Stress incontinence. Urine leaks out during activities that increase abdominal pressure, like jumping, coughing, sneezing, laughing, running, or lifting heavy objects. Stress incontinence develops when the urethral sphincter, the pelvic floor muscles, or both become weak or damaged and cannot dependably hold in urine. Women who have delivered a baby vaginally are more likely to develop stress incontinence. Also, as women age, their pelvic floor and urethra muscles weaken. The most frequent causes in men are urinary sphincter damage (such as damage resulting from prostate surgery or a pelvic fracture) or neurological problems in the lower spine (like a spinal cord injury).

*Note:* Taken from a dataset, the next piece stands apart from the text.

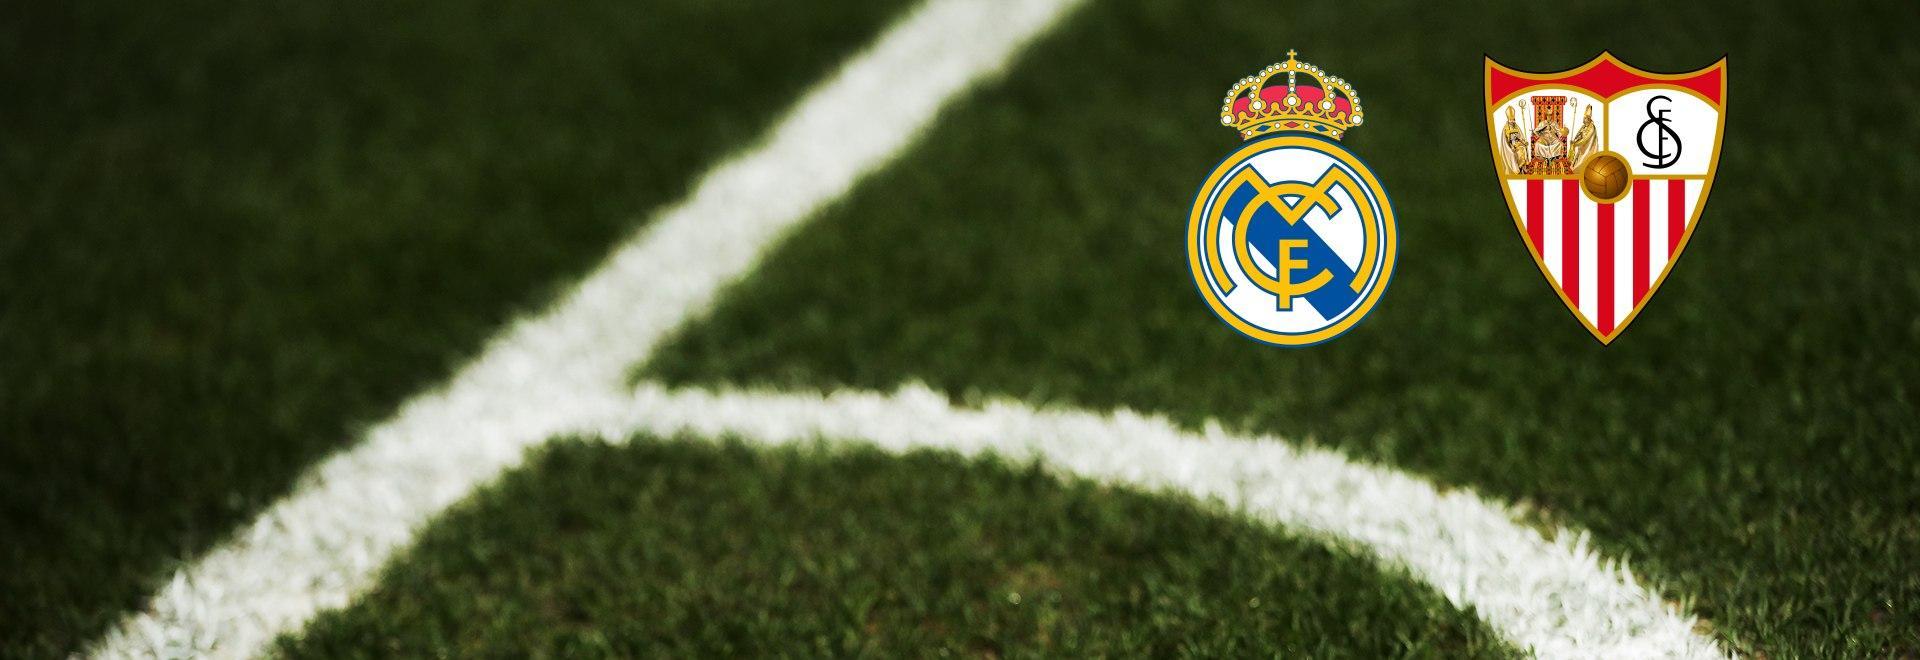 Real Madrid - Siviglia. 20a g.

Urgency incontinence. Often referred to as overactive bladder, urgency incontinence involves an overwhelming urge to urinate, usually followed by loss of urine before you can reach a bathroom. Postmenopausal women tend to develop this condition, perhaps because of age-related changes in the bladder lining and muscle. In men, a common cause is an enlargement of the prostate (known as benign prostatic hyperplasia, or BPH). Surgery for prostate cancer or BPH also can trigger symptoms, as can prostate cancer treatments like radiation seed treatment (brachytherapy) and external beam radiation. Other causes that affect both sexes are urinary tract and bladder infections.
Mixed incontinence. This type is a combination of both overactive bladder and stress incontinence. Most women with incontinence have both stress and urge symptoms. Mixed incontinence also occurs in men who have had prostate removal or surgery for an enlarged prostate and in frail older people of either sex.
Overflow incontinence. Overflow incontinence occurs when something blocks urine from flowing normally out of the bladder. It can also happen in people who do not feel the urge to urinate. Eventually, the bladder becomes overfilled, and urine leaks out.
Men are more frequently diagnosed with overflow incontinence than women because it is often caused by prostate-related conditions, like an enlarged prostate. In women, the problem can occur in response to a severe prolapse of the uterus and vaginal wall, which can pull the bladder down and create a kink in the urethra that interferes with the flow of urine, much like a bent garden hose can stop the flow of water.
Other causes that affect both sexes include tumors, bladder stones, scar tissue, nerve damage (from injuries), childbirth, past surgeries, radiation treatment, or diseases such as diabetes, multiple sclerosis, and shingles.
Functional incontinence. If your urinary tract is normal, but other illnesses or disabilities prevent you from staying dry, you might have what is known as functional incontinence. For example, if medication, a mental illness, or dementia render you unaware or unconcerned about the need to find a toilet, you may become incontinent.
Reflex incontinence. Reflex incontinence usually occurs in people with neurological impairment from multiple sclerosis, spinal cord injury, or damage from surgery or radiation treatment. In this situation, the nerve signals that generally warn the brain that the bladder is filling are interrupted. Involuntary emptying occurs (often in large amounts) without any warning or urge.
Depending on the type and severity, various treatment options for urinary incontinence exist. They may be different for men and women. Examples include bladder training, fluid management, pelvic floor physical therapy, biofeedback, lifestyle changes, medications, and surgery.